I would look at the Penn spinfisher V. I have one of reels in the 4500 size and I use it off the beach and from my kayak with great success. One of these reels will run you about 120$. I personally use the offshore angler brand rod and I have never had a problem with it. Here's the link to the rod.

http://www.basspro.com/Offshore-Ang...c=shopping_googleproductextensions&kpid=30663

Now when it comes to line I would spend the money and get power pro. If I were you I would load up with 40lb test. Its a bit more expensive than mono, but you can pack more on there and cast it a mile. When you get to the beach go to the local bait shop and pick up some pompano rigs. Make sure you get the ones with the floats. I have had the best luck with fresh shrimp, and if you can get live that is even better. You just have to be careful you don't cast it off. Hope this helps.


----------



## Dennymac (Jun 30, 2013)

This helps a lot. Thanks for responding to the request. I'm also bringing tackle and would like opinions on must have items like lures, hook removers, pliers, etc.

Thanks again.


----------



## Presby12 (May 31, 2013)

Pliers are a must have. You don't need to spend a ton of money, just pick some up at your local tackle store. As far as lures go I wouldn't mess with gotchas unless you will be fishing off of a pier. They are great lures for blues and spanish macks, it's just every time that I have used them in the surf they just dig down into the sand. IMO the best lure to use in the surf hands down is a gold or silver spoon. I have tried all different types and had success with each. Clark Spoons are good, you just will loose some fish due to the single J hook. Try your luck early in the morning right at sunrise and sunset. If it is calm you should see bait getting busted right by shore. You should have no trouble catching some spanish macs. This is what I have had the most success doing. Goodluck!


----------



## missplaced_idahoan (Feb 2, 2013)

for under 150 you could pick up a penn sargaus combo, a decent surf pole and get the reel spooled with whatever line you need I would recommend 20-30# mono


----------



## keperry1182 (Oct 6, 2010)

Im using a key largo 9' rod with a spinfisher 10500 for a shark rig now. Ive landed a huge red, really big jack crevalle and a 5ft shark un the last week on it. I love it. Its really big, bigger than necessary really but I yak my bait out and I love that line capacity. 400 yds of 40lb mono. Cant beat a spinfisher V in any size best on the market IMO.


----------



## gretzkyrh4 (Jun 22, 2013)

I'm an out of towner as well and recently picked up a surf/pier outfit before visiting this past week. I went cheap on the rod going with a Hurricane Black Beauty II from Academy.

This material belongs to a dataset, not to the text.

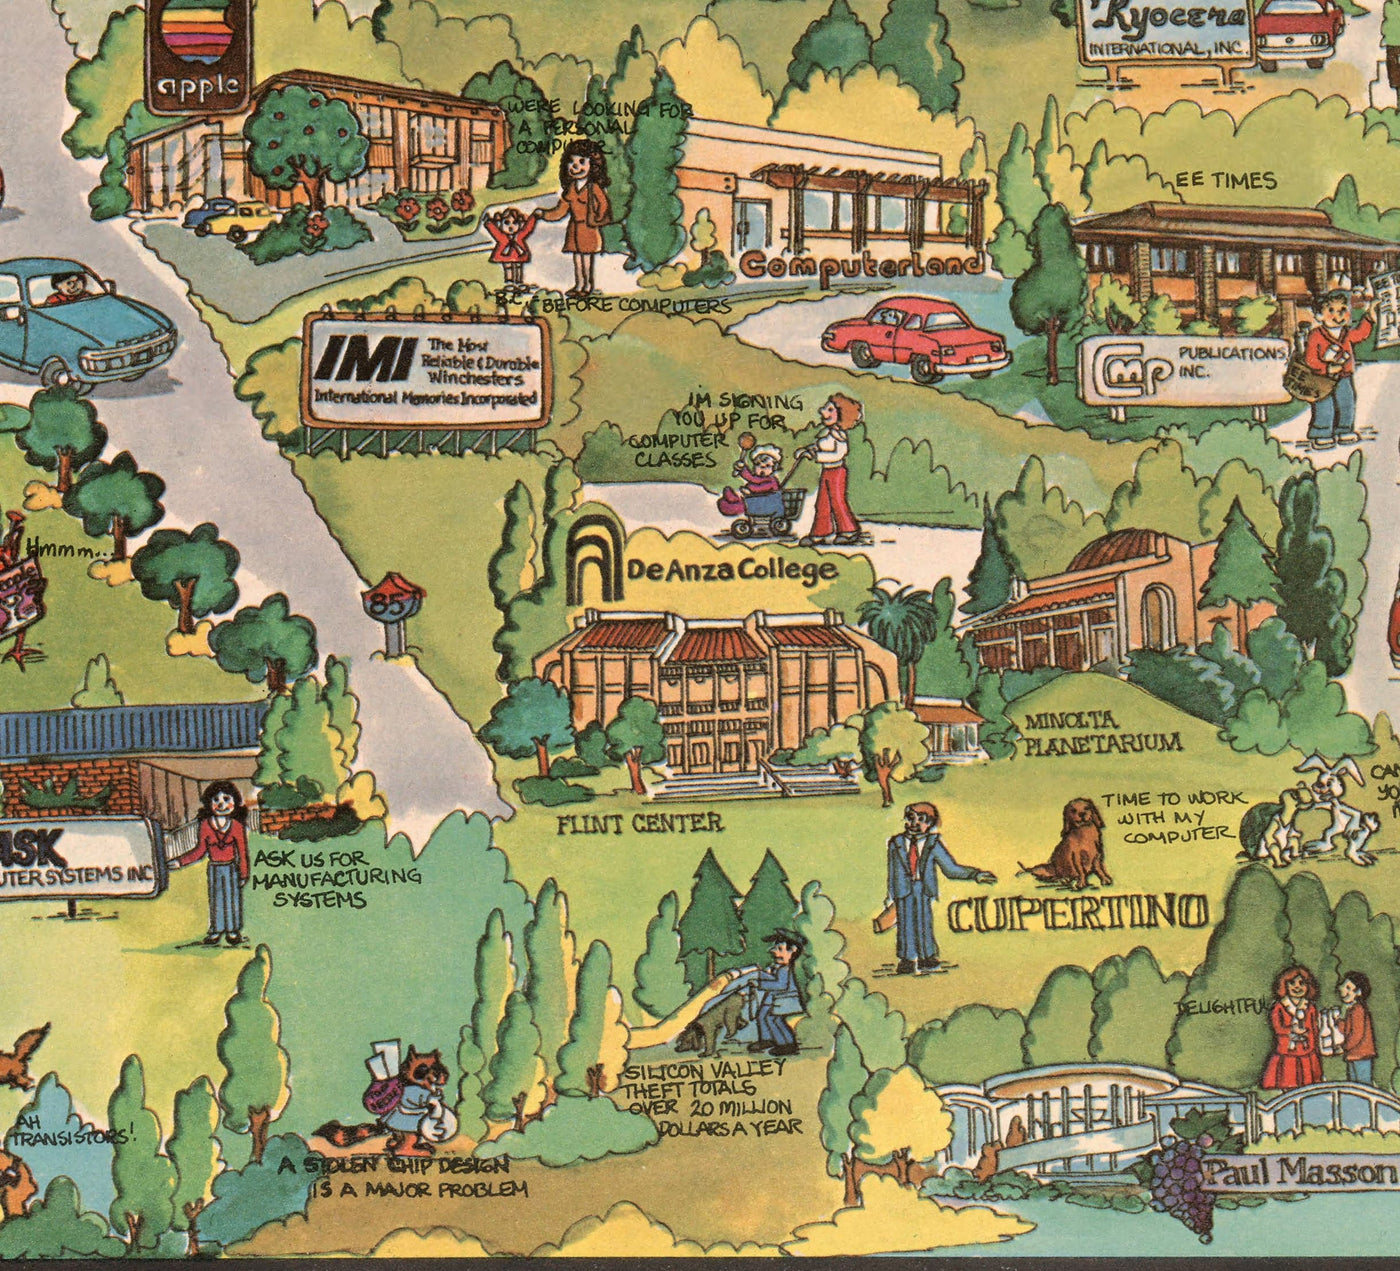 Ancienne Carte de Silicon Valley, 1982 - Pictorial Tableau de MountainView, Sunnyvale, Cupertino, San Jose, Fremont
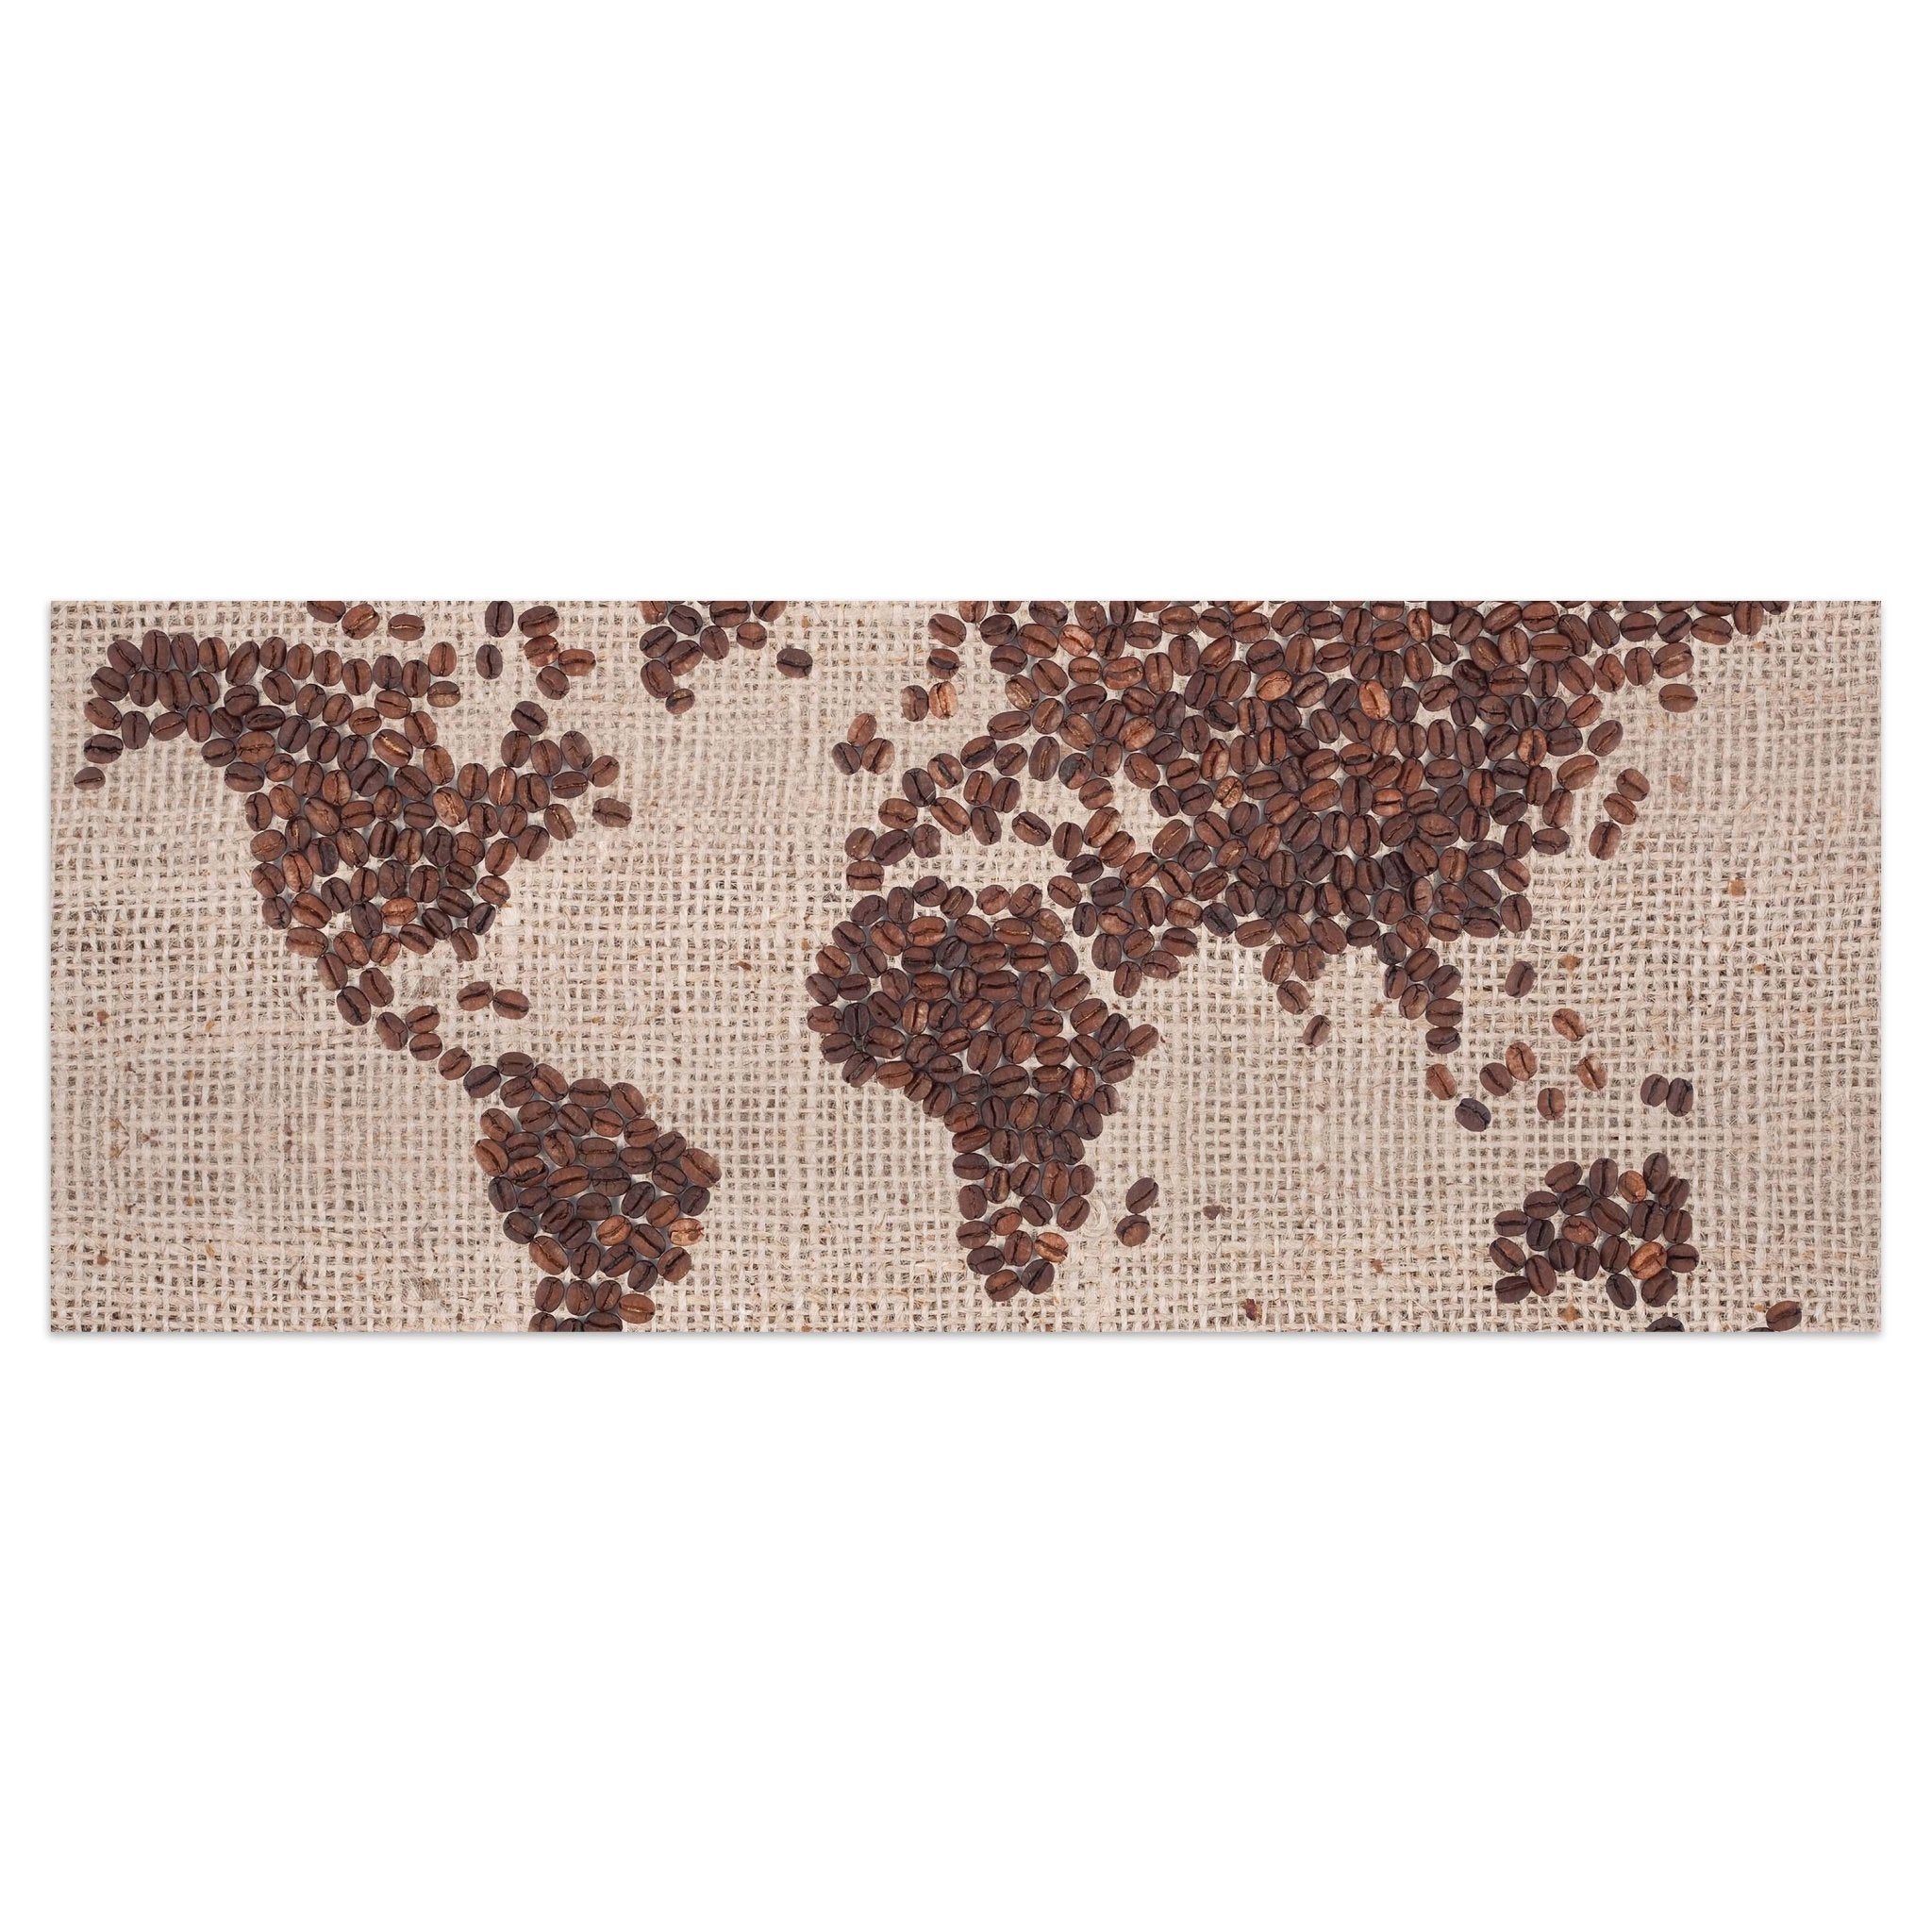 Leinwandbild Weltkarte Kaffee M0012 kaufen - Bild 1

http://www.academy.com/webapp/wcs/s...0151_10051_168323_-1__?N=101394131+4294956745

It cast well enough when I tried it in the surf, but I didn't have the chance to catch anything from the sand due to the weeds/algae being too thick. Ended up giving up after about 30 minutes and switched over to using it from the pier instead.

For a reel, I picked up an Okuma Avenger ABF-50 Bait Feeder. It was on sale on walmart's website for ~$35 two weeks ago. Again, I never got to put it to the test in the surf, but it held up well against the pair of bull reds I hooked into on the pier. It holds a ton of line, baitfeeder worked flawlessly, and the drag performed nicely against the reds.

http://www.walmart.com/ip/Avenger-50-Baitfeeder-Reel/15841176?findingMethod=rr#Product+Reviews

Including shipping, I spent about $100 on the rod, reel, and a 300 yard spool of power pro. Good luck with your decision and the trip in August.

Chris


----------



## Dennymac (Jun 30, 2013)

Thank you for the information on the Okuma Avenger. This helps a lot. What did you use for bait?

You mentioned the June Grass. Were you in the Destin area?


----------



## gretzkyrh4 (Jun 22, 2013)

Denny,

I caught bait as I went using a Sabiki rig along the pier. Large menhaden/alewives (whatever you prefer to call them) seemed to work best for the reds. I fished them on the bottom carolina rigged with a heavy mono leader and circle hook.

My surf casting was on Okaloosa Island about a mile or so west of the pier. By the end of the weekend, my sabiki rig was actually getting gunked up with algae on the pier at points.

Chris


----------



## mcahill4713 (Apr 26, 2013)

Im going to Okaloosa island and staying about 1/2 mile west of the pier in Sept can you use a sabike rig of the surf or do you have to be in a boat or on the pier?


----------



## Dennymac (Jun 30, 2013)

Looking for some opinions on the Cabela Saltstriker SSBF65 and pairing it with a Seastriker Beachrunner 8' rod. Any decent cheapo combos out there for a one week use that anyone can recommend? I'm thinking not, but thought I would ask.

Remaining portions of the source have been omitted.